Huddleston Farmhouse Museum, Mount Auburn, Indiana


Over the past 143 years, the Huddleston Farm House was a family home, an inn, a place for travelers to buy provisions, or have meals and is now an Indiana State Historical Landmarks site museum, and is located near Cambridge City, on US 40, known as “the National Road.”

My first memory of visiting this building from 1841 was many years ago when my wife worked here as an exhibits designer and assistant to the historian.  I used to walk the grounds with our children and admire the buildings and 78 acre country setting in the different seasons, and come to attend events, but hadn’t gotten around to actually painting here until a year ago, and again this September.

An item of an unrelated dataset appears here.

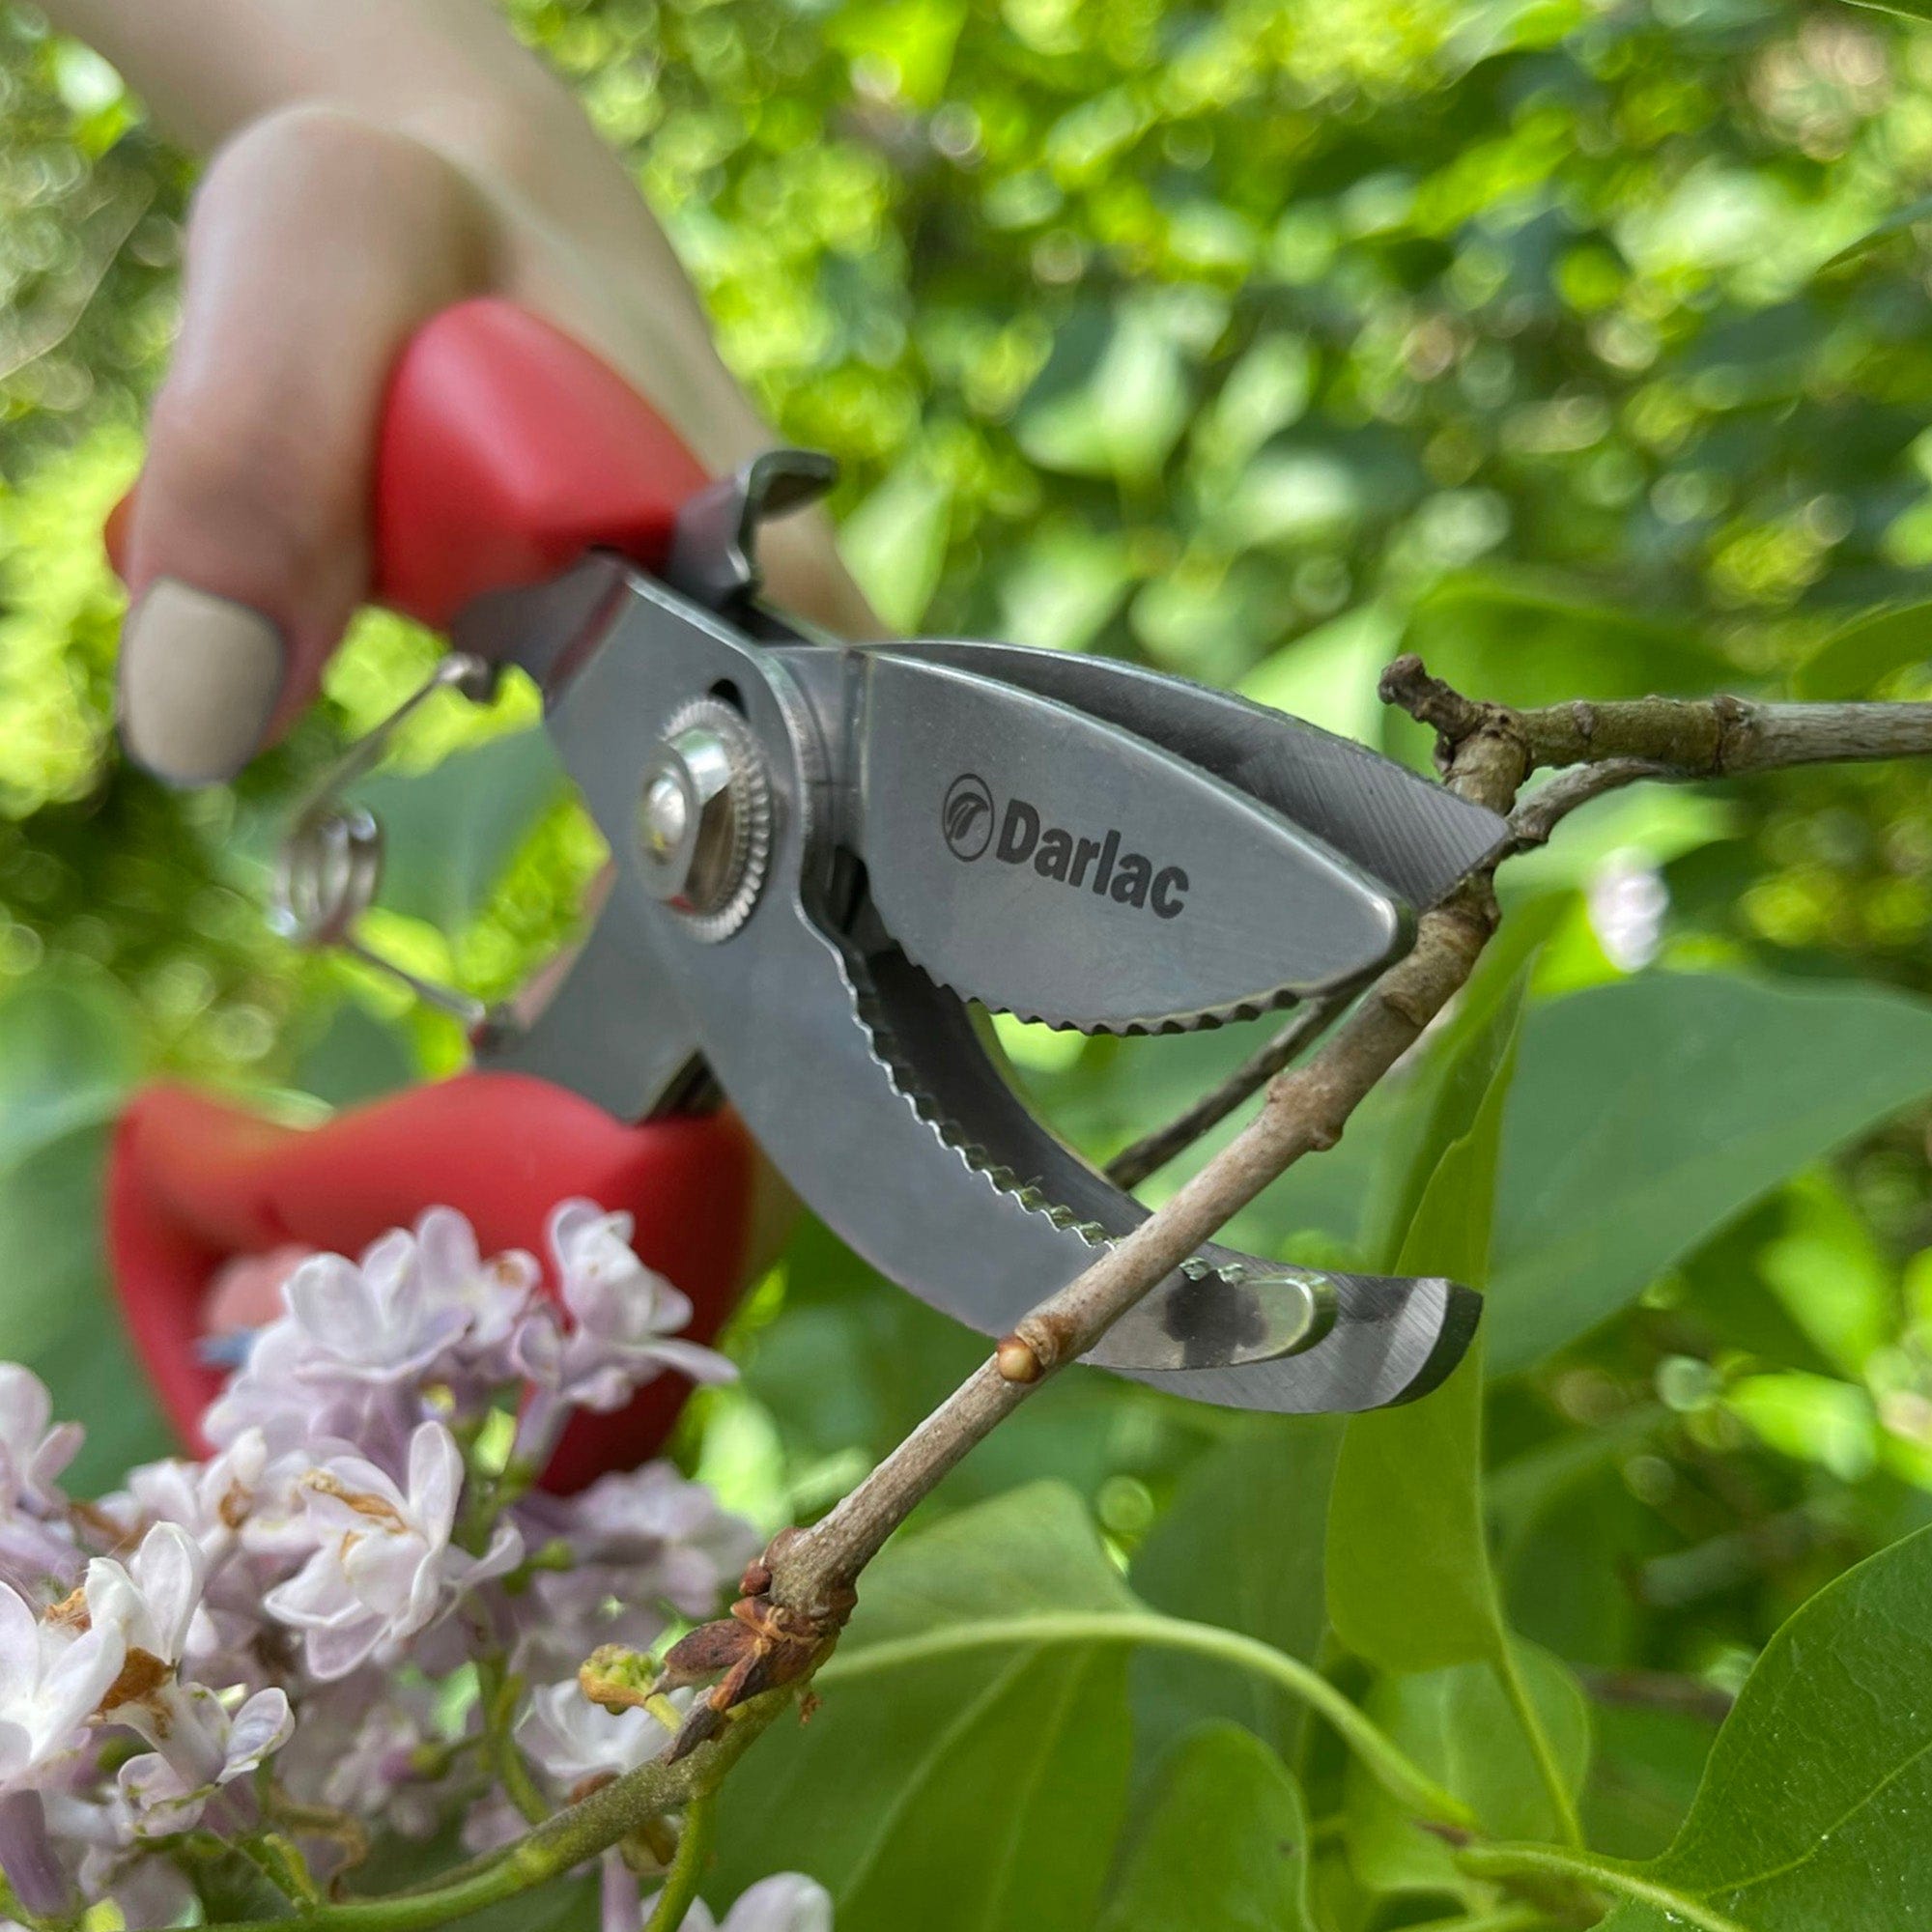 dt-brown HARDWARE Darlac Cut-n-Hold Bypass Secateurs

For the past two years, the Richmond Art Museum has kindly invited me as part of a regional group of plein air artists to participate in a paint-out on location, and then has hosted us as their dinner guests at the Huddleston House’s annual harvest supper fund raiser.  It is a delightful occasion with a supper menu that is historically correct to the 1840’s when the building was an inn for travelers of the National Road.  If you can, I highly recommend that you put it on your calendar to attend this annual event.

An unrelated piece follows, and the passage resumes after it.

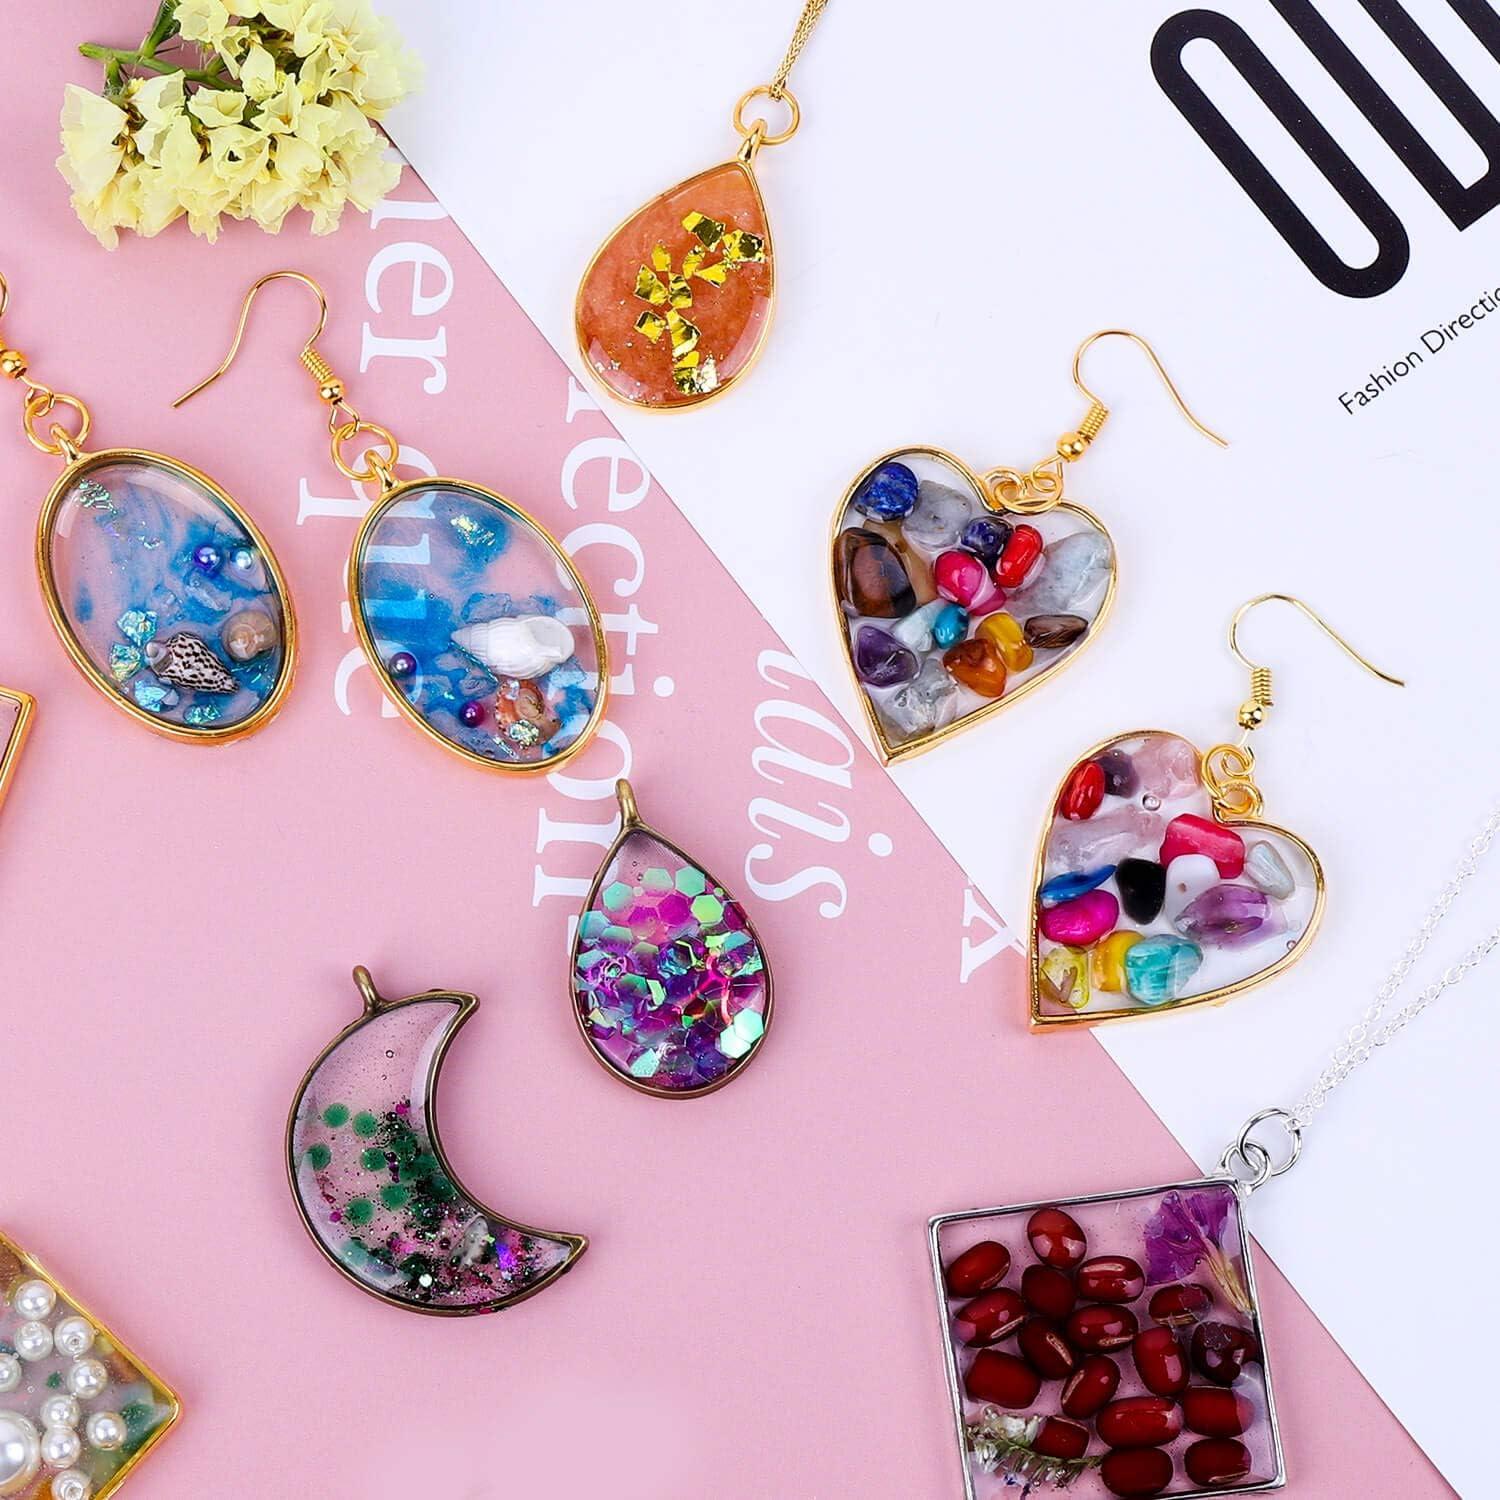 Resin Earring Mold For Making Earring Pendant Jewelry Craft

For my painting here I selected a view of the rear of the farmhouse where you can see the entry for the spring kitchen, the woodshed and back porch.  As I stood facing the building and working, I enjoyed the comradery of the other artists located on the grounds to my immediate left and right and elsewhere. All of us were looking in different directions and finding inspiration in views of adjacent buildings, the crop fields of soy bean, a nearby forested area, plus other views of the grounds, out buildings, or the farmhouse.  This year it was a beautiful, warm, sunny afternoon during the third Thursday of September, when the museum’s guests strolled the property and watched us at work, or visited with us as we painted.